Dirty Little Secrets About VCs

After covering venture capitalists for about ten years, I've finally learned two things (I'm a slow learner):

    1. They need to hear about companies before their competition. (As a journalist, I can relate.)
    2. They compete fervently with other VCs to get their money into the best start-ups at the right valuation

Though they like to portray themselves as omniscient and omnipotent, they're actually quite anxious about missing the next big deal.

Blogging is still a new phenomenon among VCs here in Boston. (Jeff Bussgang at IDG Ventures has been at it the longest, as far as I can tell.)

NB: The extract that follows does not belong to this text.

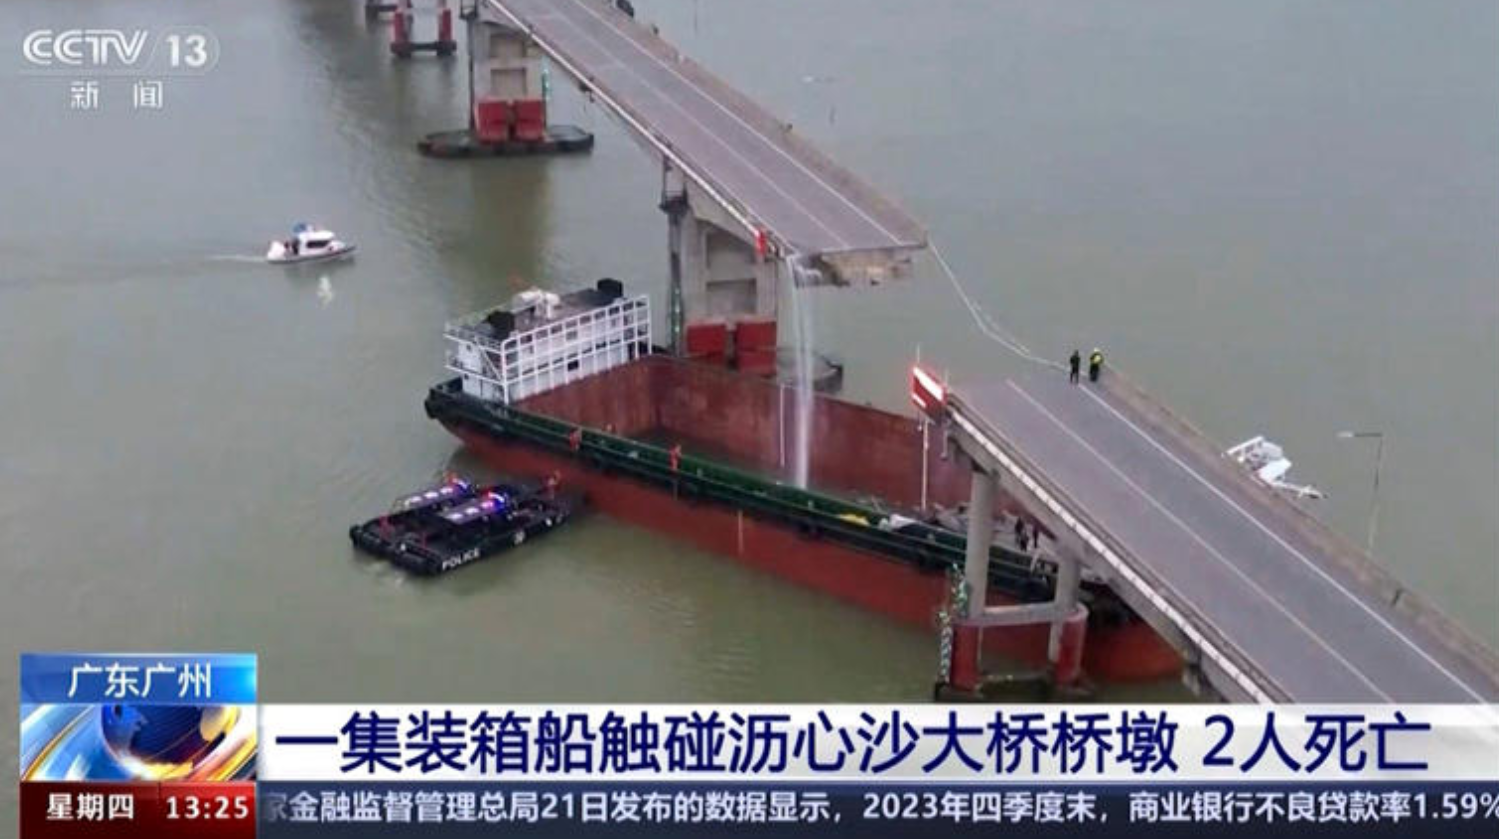 Frachter rammt Brückenpfeiler – Linienbus stürzt von der Brücke auf das Schiff  - mehrere Tote und Vermisste

One major purpose that blogging serves for the less-established VCs who do it is to raise their profile among entrepreneurs, to show entrepreneurs that they understand a particular space, that they are totally in sync. Older, more established VCs have a reputation, and entrepreneurs are magnetically pulled to them because of their track record, or because successful entrepreneurs make an introduction -- go see Mr. Greybeard, who's a partner at Established Venture Partners at the Bay Colony Center. They don't have to blog. (Yet.)

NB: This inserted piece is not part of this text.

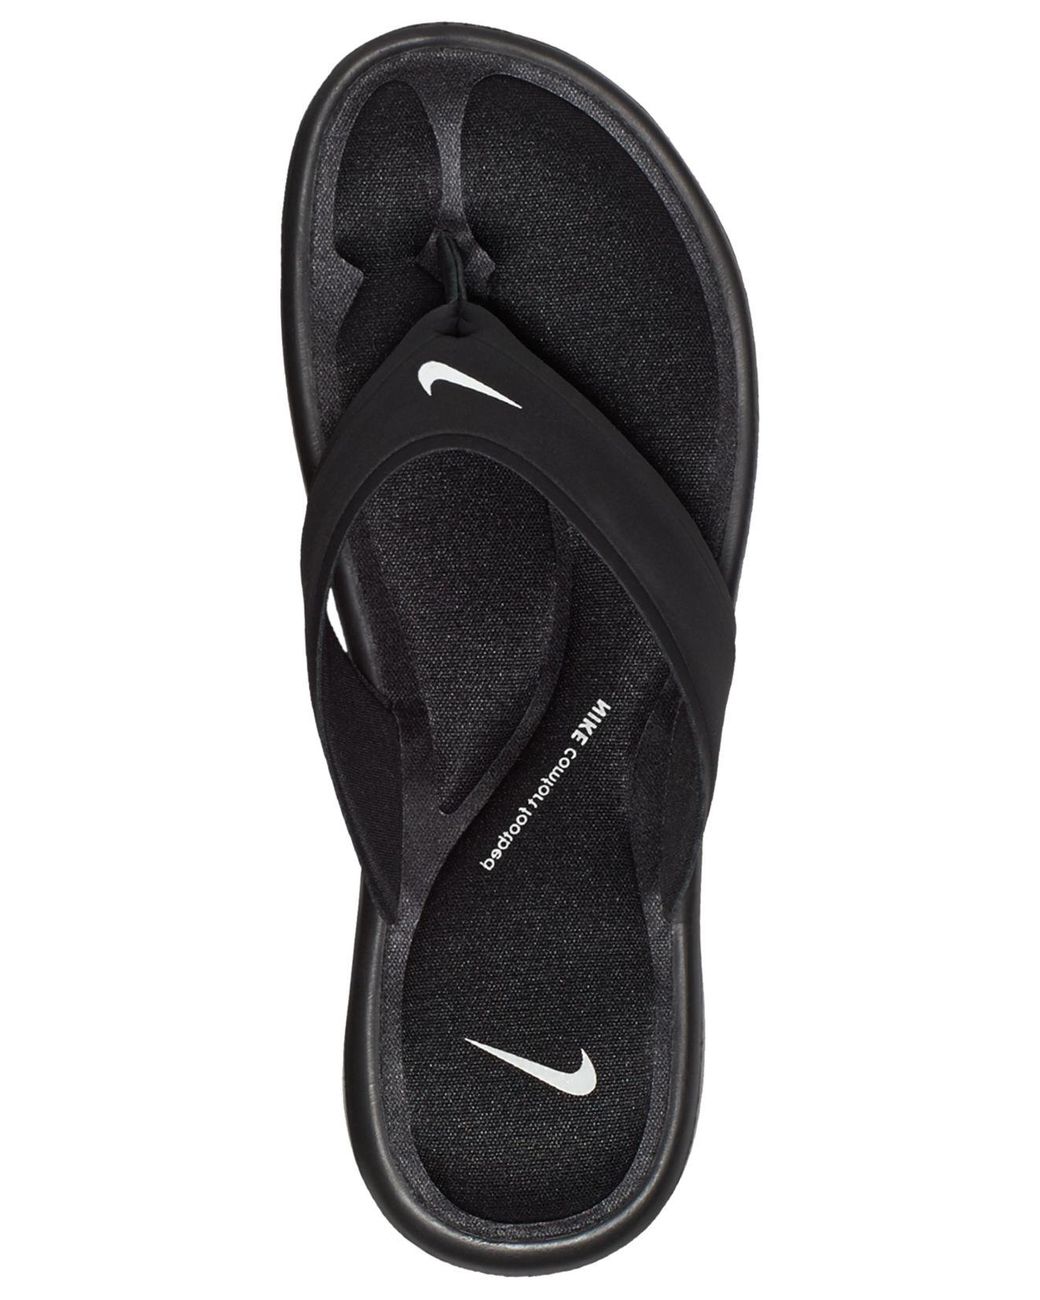 NIKE COMFORT FOOTBED Slides/Sandals/Flip Flops Women's Size 11 Black $20.00  - PicClick

But the less-established VCs blog, and I suspect that is going to make them appealing to a new generation of not-yet-proven entrepreneurs with compelling ideas...and help them hear about these ideas first. On the West Coast, David Hornik of August Capital is the best example of a VC who has built his reputation atop his blog. Entrepreneurs know who he is.

I think the same is beginning to happen out here with the VC-bloggers (there's a list of them at right). The Rolodex and schmoozing and personal connections are still going to be important, but a blog is a great way to broadcast that you understand what's changing in the tech world -- both to entrepreneurs in New England and elsewhere.

What got me thinking about this was David Beisel's great post on "Seven Coming Digital Uber-trends which are Ripe for Startup Opportunities." This kind of stuff is flypaper for entrepreneurs; I know David's going to get e-mails from a bunch of start-ups saying, "Hey, I'm working on trend #2, can we set up a meeting?"